『日本はいかにして中国との戦争に引きずり込まれたか』田中秀雄著

『日本はいかにして中国との戦争に引きずり込まれたか 支那通軍人・佐々木到一の足跡から読み解く』
http://www.sankei.com/life/news/140706/lif1407060012-n1.html

 ■「魔界」で退路断たれた日本

 日本が中国を侵略したという事実は動かし難い歴史として日本人には記憶されているが、果たしてそうか。中国各地に軍勢を張る軍閥、内部抗争を繰り返す国民政府軍、コミンテルンの指示を受けて蠢(うごめ)く共産軍。日露戦争という巨大なコストとリスクを背負って手にした満州での権益を守ろうと国家として当然の生存権を行使する日本に、「四分五裂」の中国は各地方であらん限りの残虐行為をもって挑んだ。これに抗する日本軍は局地戦のほとんどを押さえ込んだものの、全局を収拾することついにかなわず退去を余儀なくされた、というのが歴史の真実ではなかったか。統制がまるできかず軍紀などというものにはおよそ無縁な匪賊(ひぞく)の巣くう「魔界」に引きずり込まれて、そこで退路を断たれたのが日本であった。

 著者は、国民党軍による北伐の開始から日本軍の南京城攻略戦にいたるまでの「日中戦争」の実態を、済南事件、第1次上海事件を目の当たりにし、南京城攻略戦では実戦に参加した一軍人、佐々木到一(とういち)の足跡をたどりつつ、事実に迫る。満州国政府により検閲削除され、かろうじて判読可能な佐々木の文書にこうあるという。

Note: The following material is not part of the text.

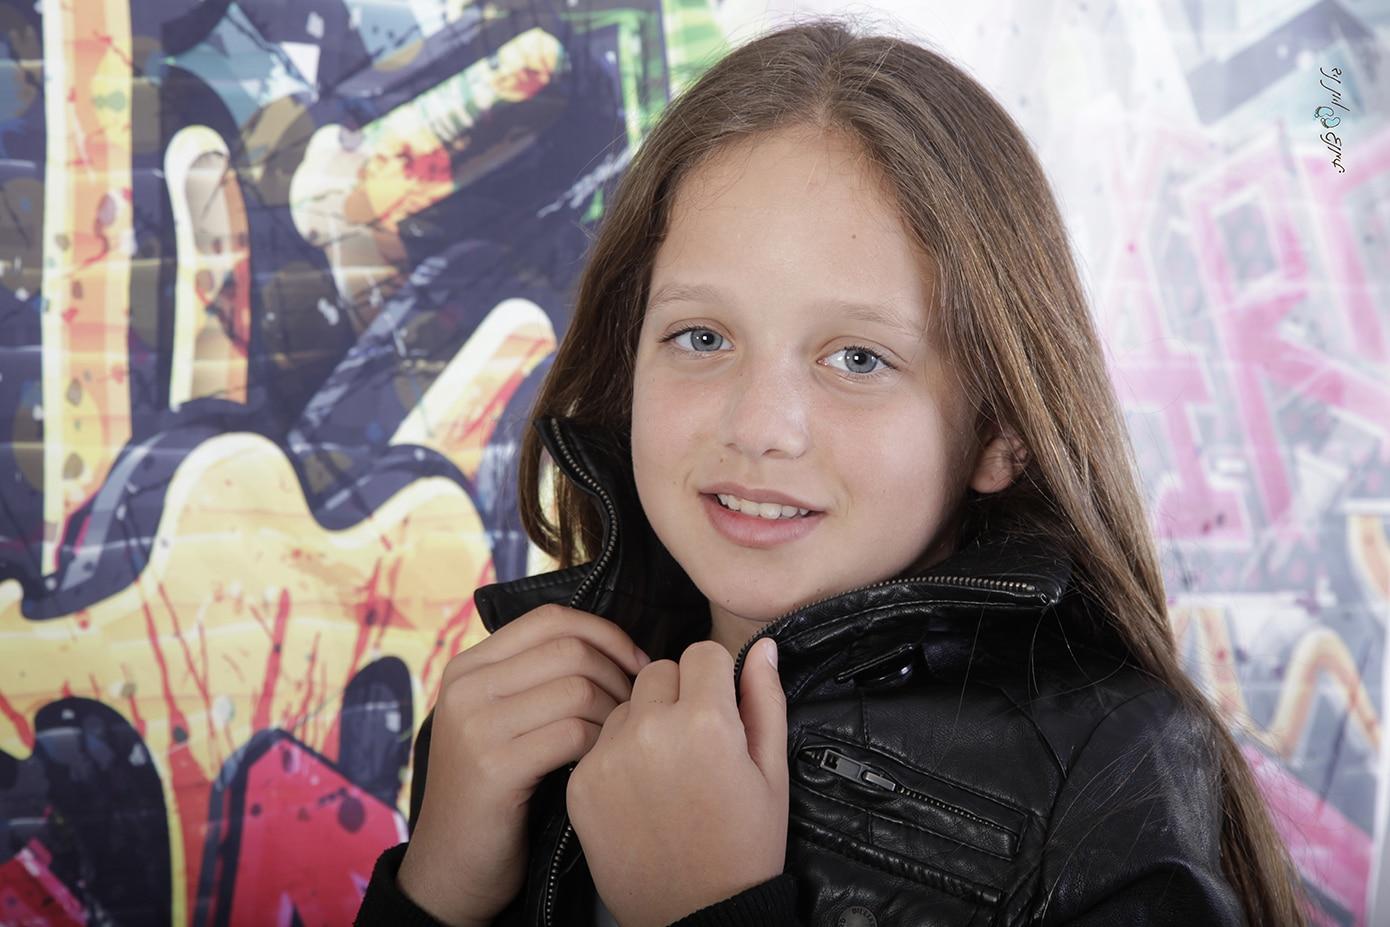 בוק בת מצווה לעמית - סטודיו גיל לוין (9)

 「吾々同胞はこれを支那民族の残忍性の一面として牢記(ろうき)せねばならぬ。将来と雖(いえど)も機会だにあらばこれを再び三度繰返すものであることを銘肝(めいかん)しておかねばならないと思うのである。弱しと見ればつけ上がり威(い)たけだかになるところの心理は、恐らく支那人を知る限りの日本人は承知している筈(はず)である。これに油を注げば如何なる非道の行為にも発展するものであることを」

 台湾の二・二八事件、モンゴル・ウイグルチベットでの民族浄化文化大革命の「阿鼻叫喚」をみれば、佐々木の予言は的中していると著者はいう。正鵠(せいこく)を射た指摘である。日米戦争に日本を誘い込んで、中国共産革命、朝鮮戦争を帰結させた国際勢力がアメリカである。戦前期日本の不当性を糾弾するあまり、米中の行動を見落としてきた戦後日本のジャーナリズムとアカデミズムへの嘆息が本書の随所から聞こえる。(草思社・本体2200円+税)

 評・渡辺利夫拓殖大総長)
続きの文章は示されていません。